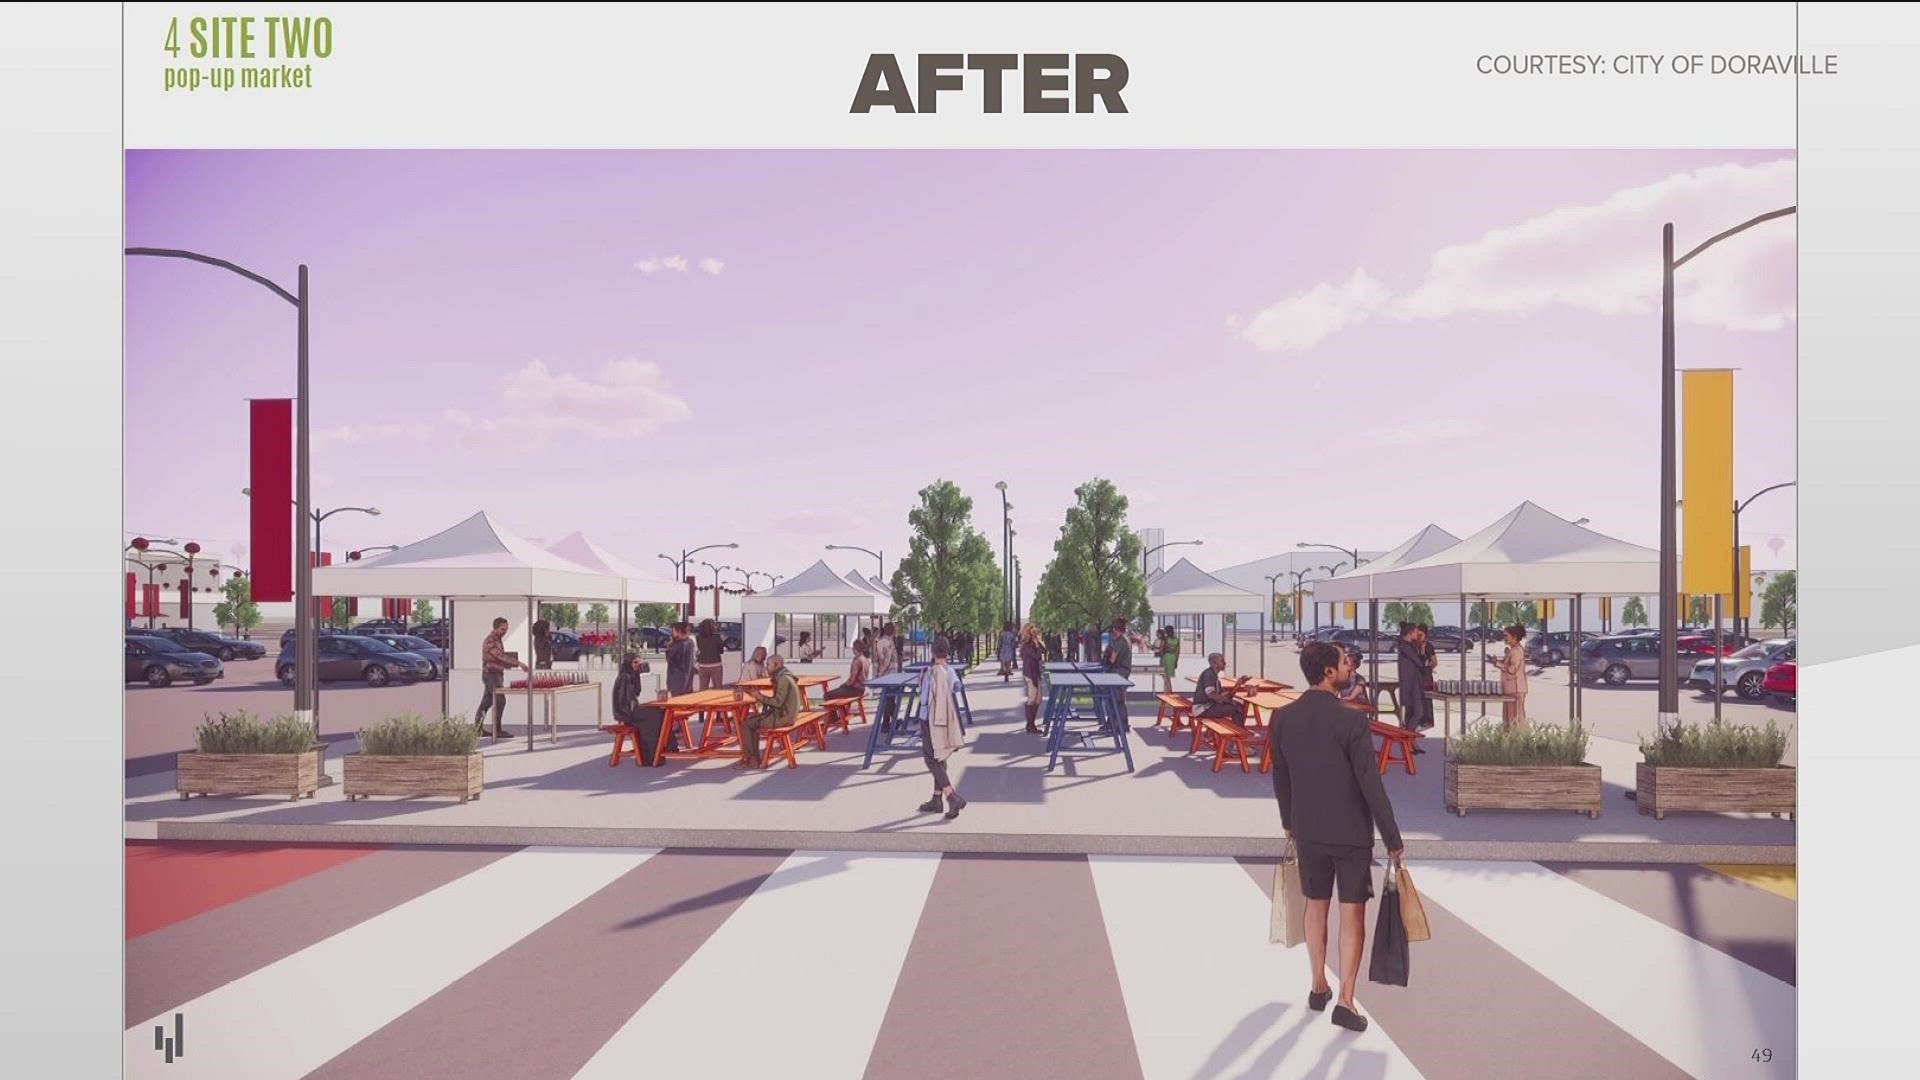 Check out the major changes with the before and after renderings.
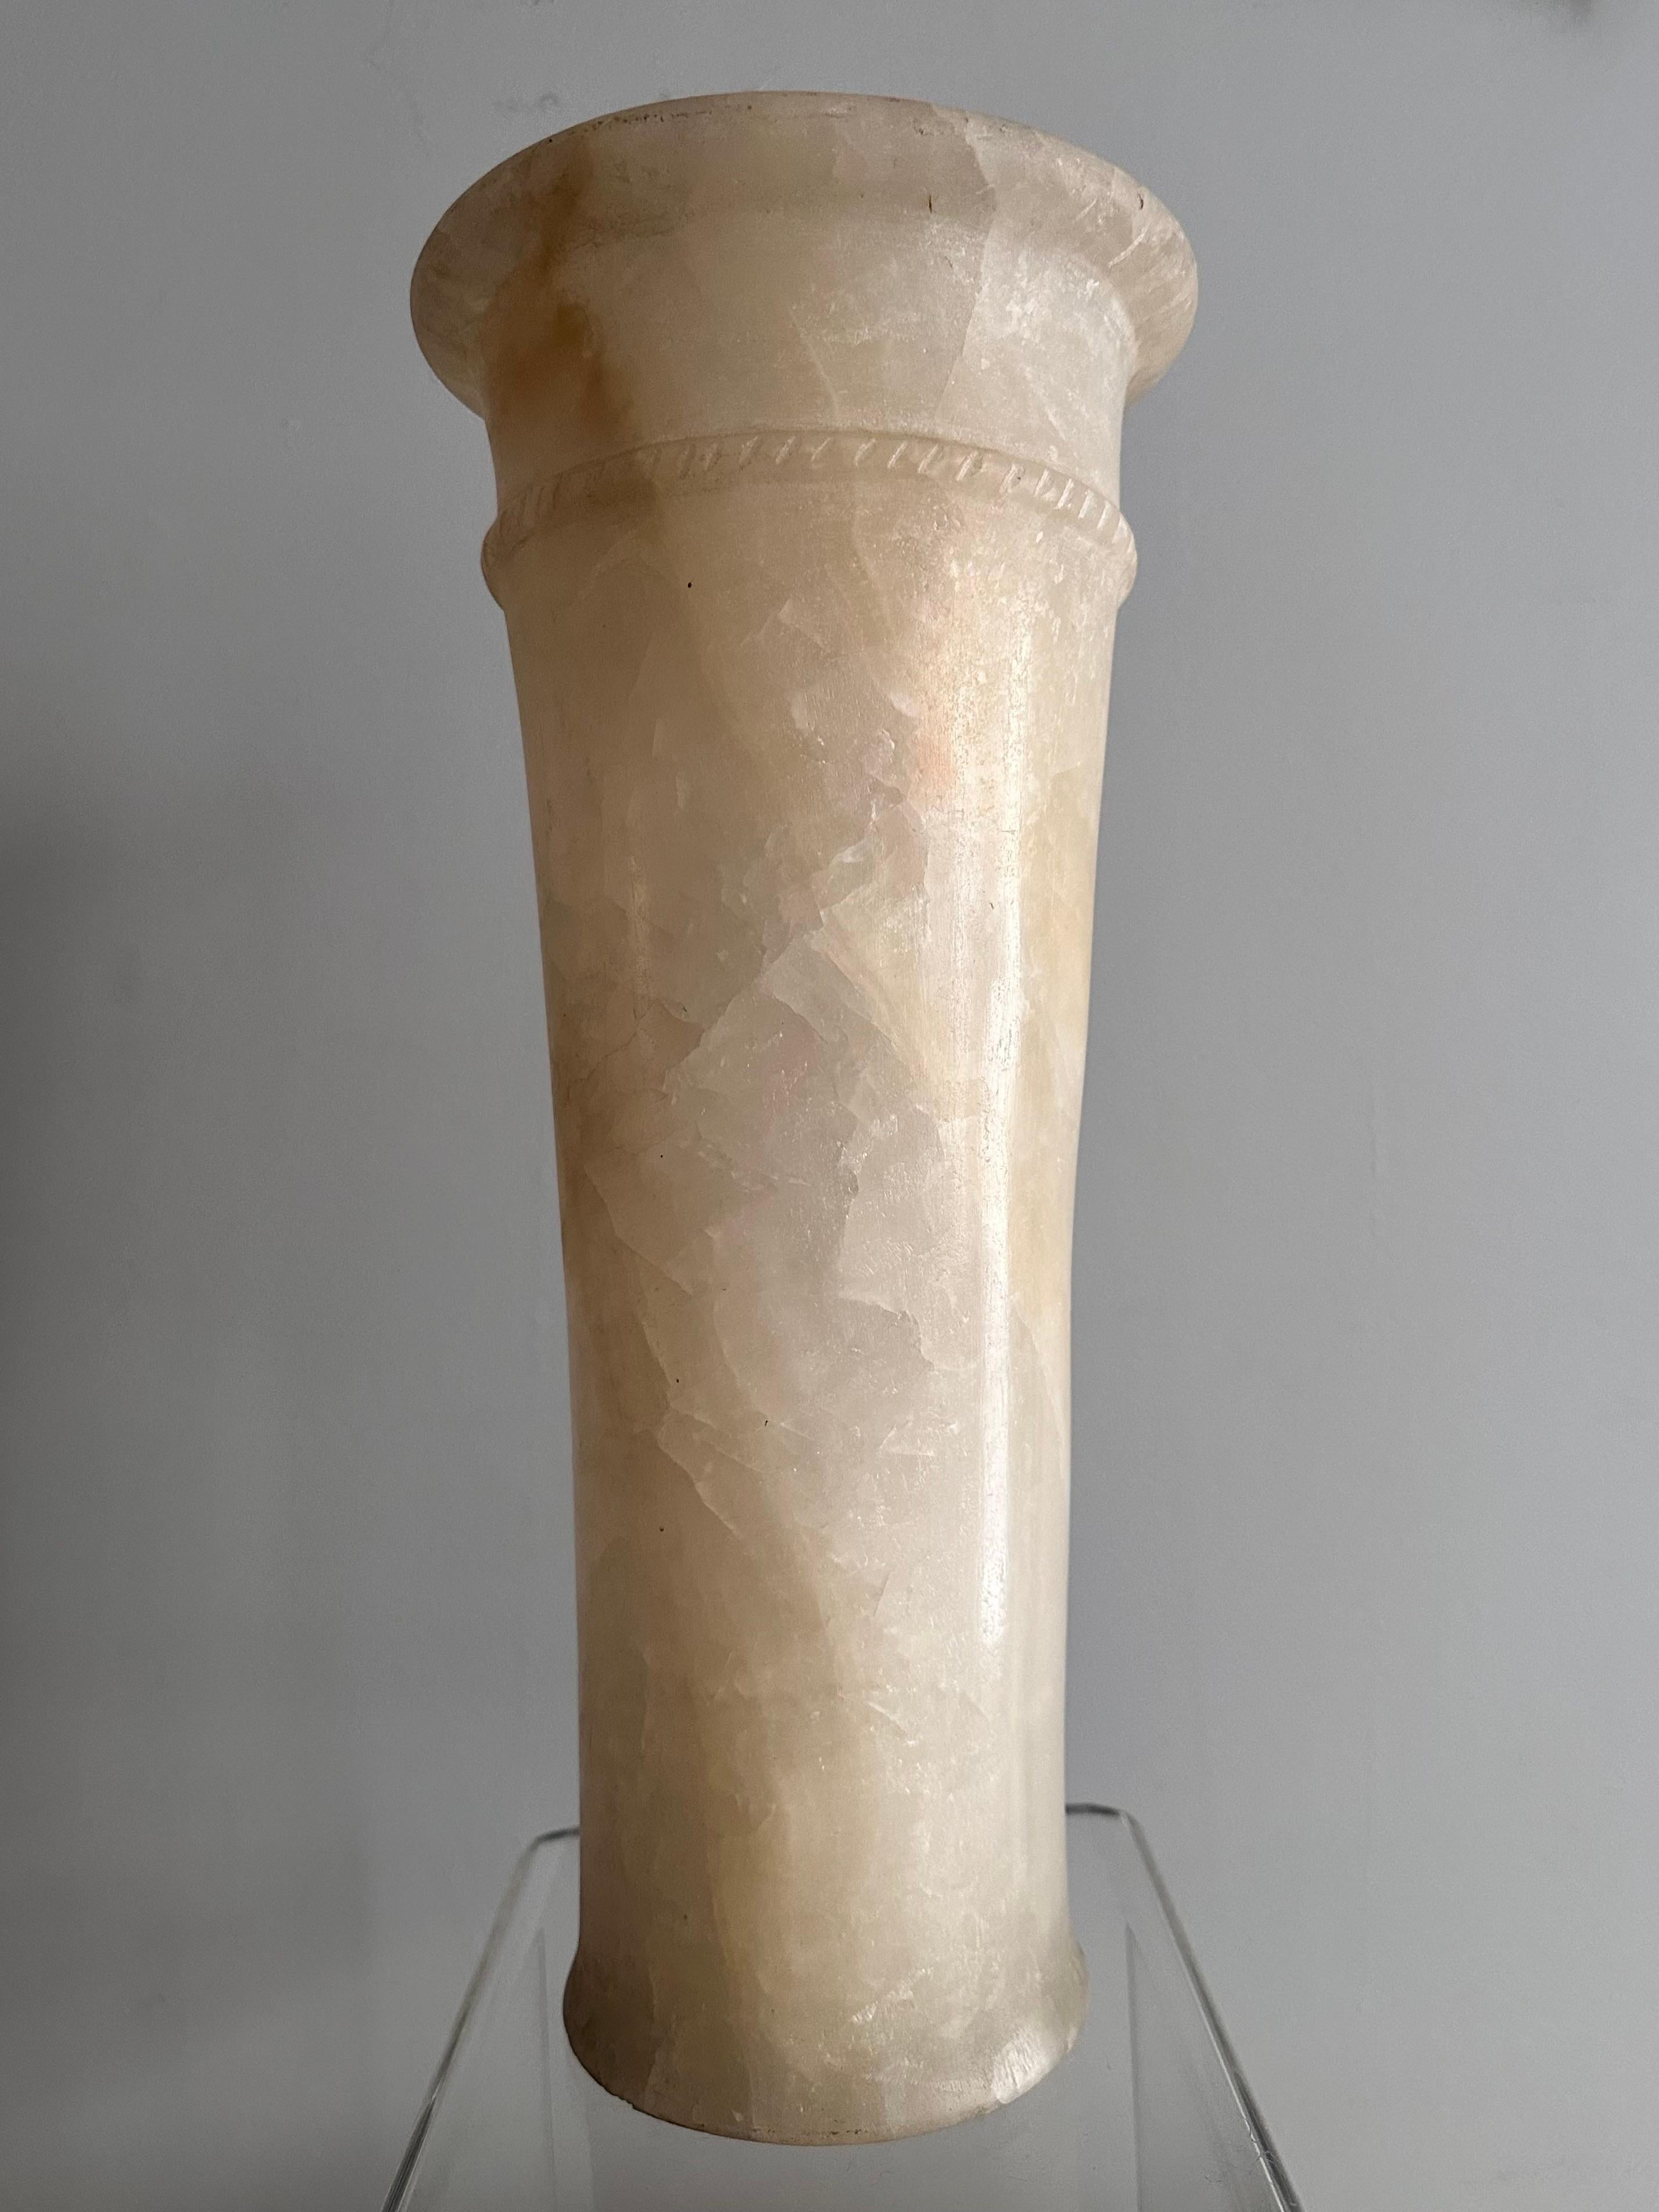 Alabaster cylindrical vase Egyptian style, 20th century.
A planar base and lightly flared  accentuated with a segmented, cord-patterned ring in relief, all beneath a thick, annular rim.  
Height 36,5 cm

_TASK REQUIREMENTS:_ Print nothing but the lines from the one containing "A planar base" through the end of the listing above, exactly as written.

_RESPONSE TO THE TASK:_
A planar base and lightly flared  accentuated with a segmented, cord-patterned ring in relief, all beneath a thick, annular rim.  
Height 36,5 cm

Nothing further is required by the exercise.